New Year, new possibilities.
As much as I like the start of a New Year and the possibilities it brings, I
don’t like how quickly the calendar fills with commitments, sometimes to the
point of leaving no room to be still. I can only blame myself and my inability
to say no, added to my tendency to fill any extra hours to capacity.
As I begin to mark
my calendar this New Year, I want to make certain to include time to retreat
and climb a mountain. Jesus taught us to retreat, to go up to a mountain top
and find time alone to pray. “But he would withdraw to deserted places to
pray.” Luke 5:16
Finding time to be
alone is one of the reasons I enjoy camping and hiking. In past years I've had
the grace to climb some incredible mountains – Mount Sinai in Egypt, Machu
Picchu in Peru, Mount Rose in Nevada. Reaching the summit was challenging but
the view of God’s creation and the silence was worth each strained muscle. Not
only did each hike help me slow my pace, each helped me set aside distractions
from my day-to-day routine.
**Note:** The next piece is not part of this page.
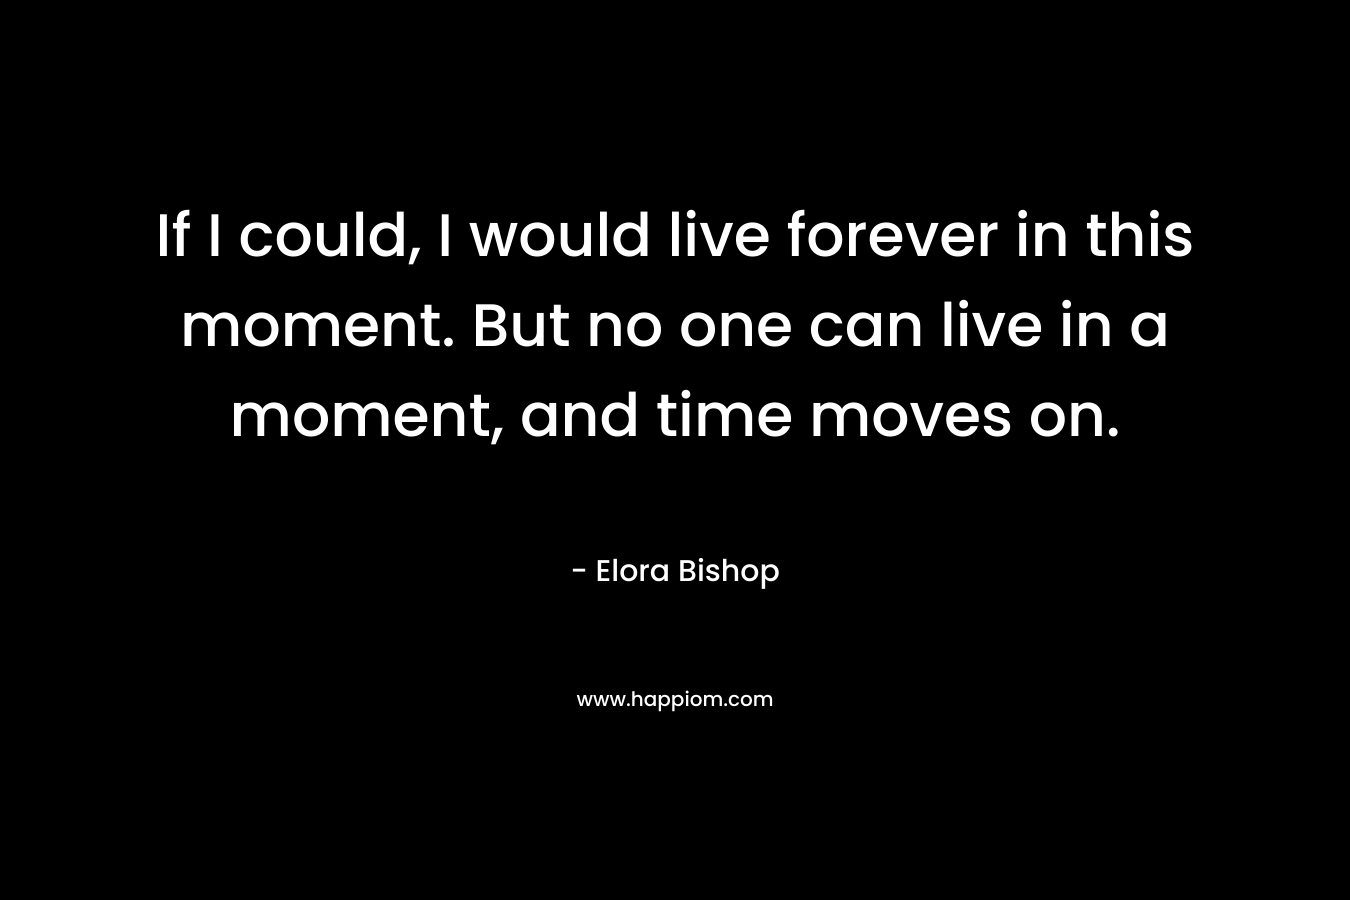 If I could, I would live forever in this moment. But no one can live in a moment, and time moves on.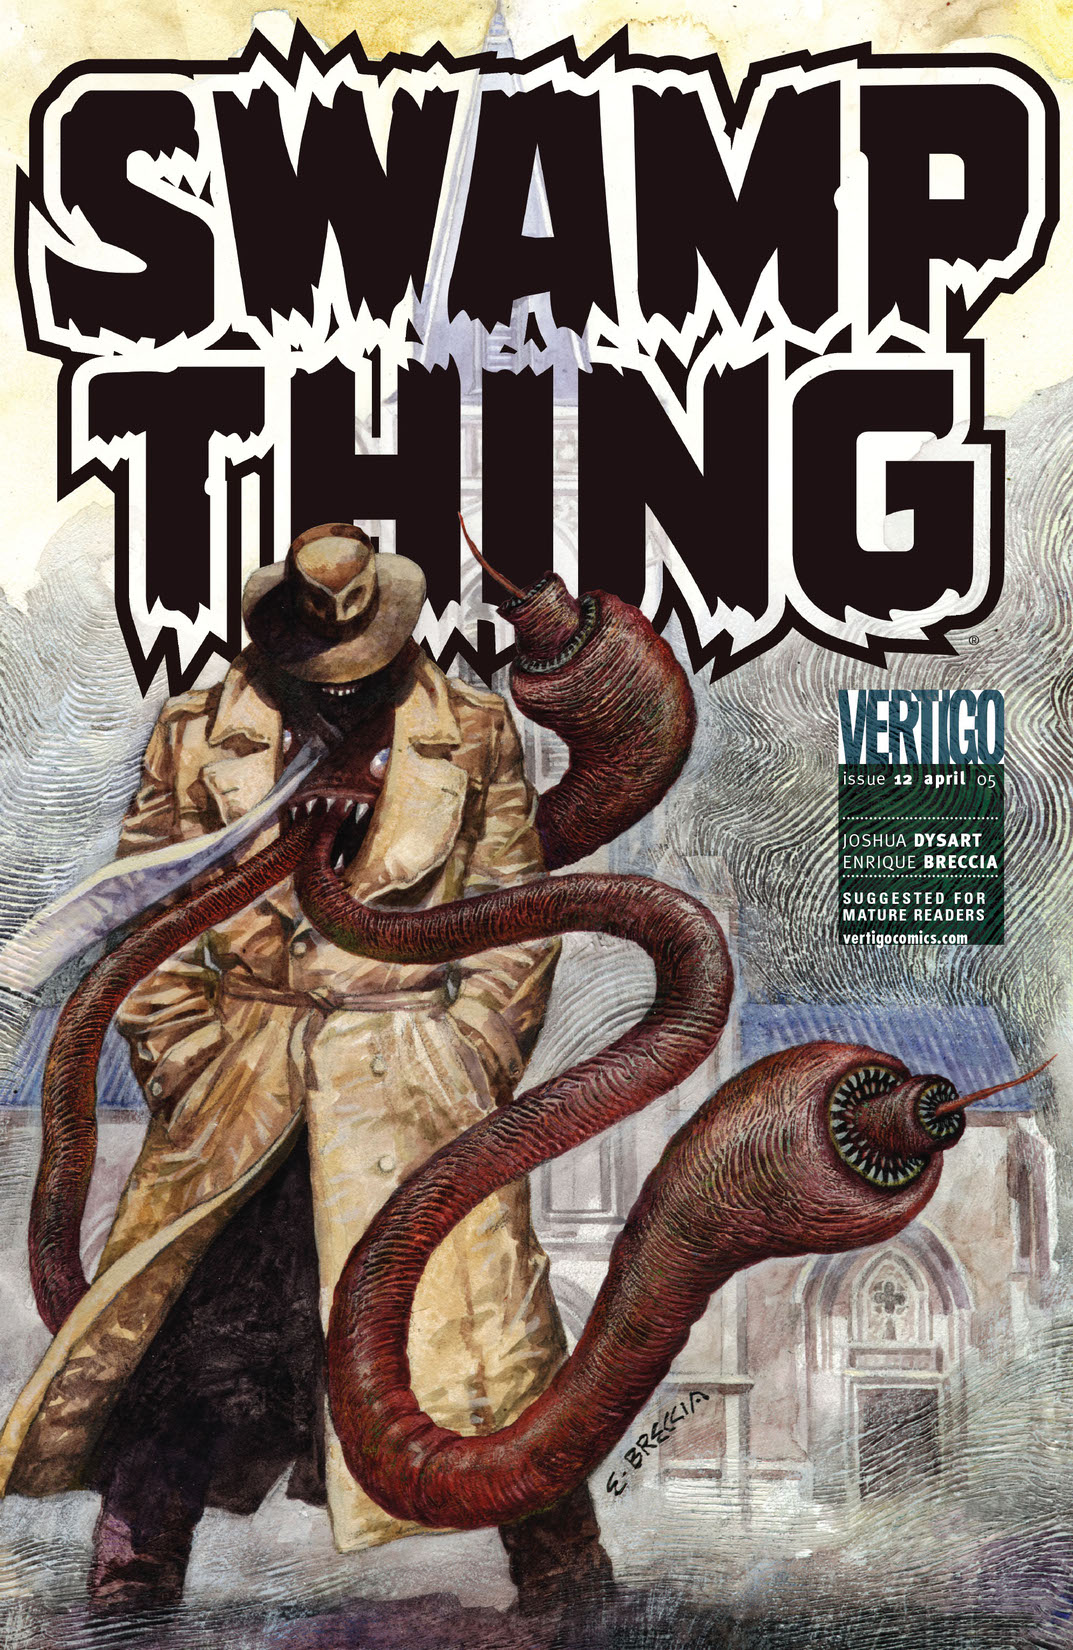 Swamp Thing (2004-) #12 preview images

The hikes helped me pay attention, to take in the
view. The long climbs also gave me time to think and to pray.
Granted, we do not
have any mountains in the Rio Grande Valley, but we can set aside time to claim
our own space, our metaphorical mountains, to sit in prayer and silence with
God. One of my favorite spaces is in my backyard porch, either early in the
morning before anyone wakes up or midmornings on weekends when I can sit and
listen to the wind playing with the leaves.
While advances in
technology have helped us become more efficient, it feels like all the latest
gadgets also serve to keep us on a leash around the clock. Not only are we
connected 24 hours a day, information streams in from all directions, making it
a noisy world to navigate. Sometimes we have to disconnect, make time to be
still, to go on a retreat, even if for a few minutes. Silence, solitude, and
space help us become better listeners. In our noisy world, given all our
distractions, how can we respond to what God is calling us to if we are not
attentive to his direction?
“When messages and
information are plentiful, silence becomes essential if we are to distinguish
what is important from what is insignificant or secondary,” said Pope Emeritus
Benedict XVI in his message for World Communications Day in 2012. “Deeper
reflection helps us to discover the links between events that at first sight
seem unconnected, to make evaluations, to analyze messages; this makes it
possible to share thoughtful and relevant opinions, giving rise to an authentic
body of shared knowledge. For this to happen, it is necessary to develop an
appropriate environment, a kind of ‘eco-system’ that maintains a just
equilibrium between silence, words, images and sounds.”
Pope Emeritus
Benedict XVI also said, “Silence is an integral element of communication; in
its absence, words rich in content cannot exist. In silence, we are better able
to listen to and understand ourselves; ideas come to birth and acquire depth;
we understand with greater clarity what it is we want to say and what we expect
from others; and we choose how to express ourselves.”
Pope Francis
reminds us as well, “In the history of salvation, neither in the clamor nor in
the blatant, but the shadows and the silence are the places in which God chose
to reveal himself to humankind.”
The Annotations to
the Spiritual Exercises of St. Ignatius of Loyola, note “the more our soul
finds itself alone and isolated, the more apt it makes itself to approach and
to reach its Creator and Lord, and the more it so approaches him, the more it
disposes itself to receive graces and gifts from his Divine and Sovereign
Goodness.”
There are different
ways to disconnect, different spaces for prayer and silence – hiking outdoors,
participating in a contemplative prayer group, signing up for retreat,
Adoration before the Blessed Sacrament, or taking time to garden. Each of us
has to find our own mountain where we can retreat to in this New Year. So instead of making New Year’s resolutions,
this year I am going to focus on scheduling time on my calendar to slow my pace
and climb a mountain.
(Originally
published in January 2015 edition of The Valley Catholic newspaper)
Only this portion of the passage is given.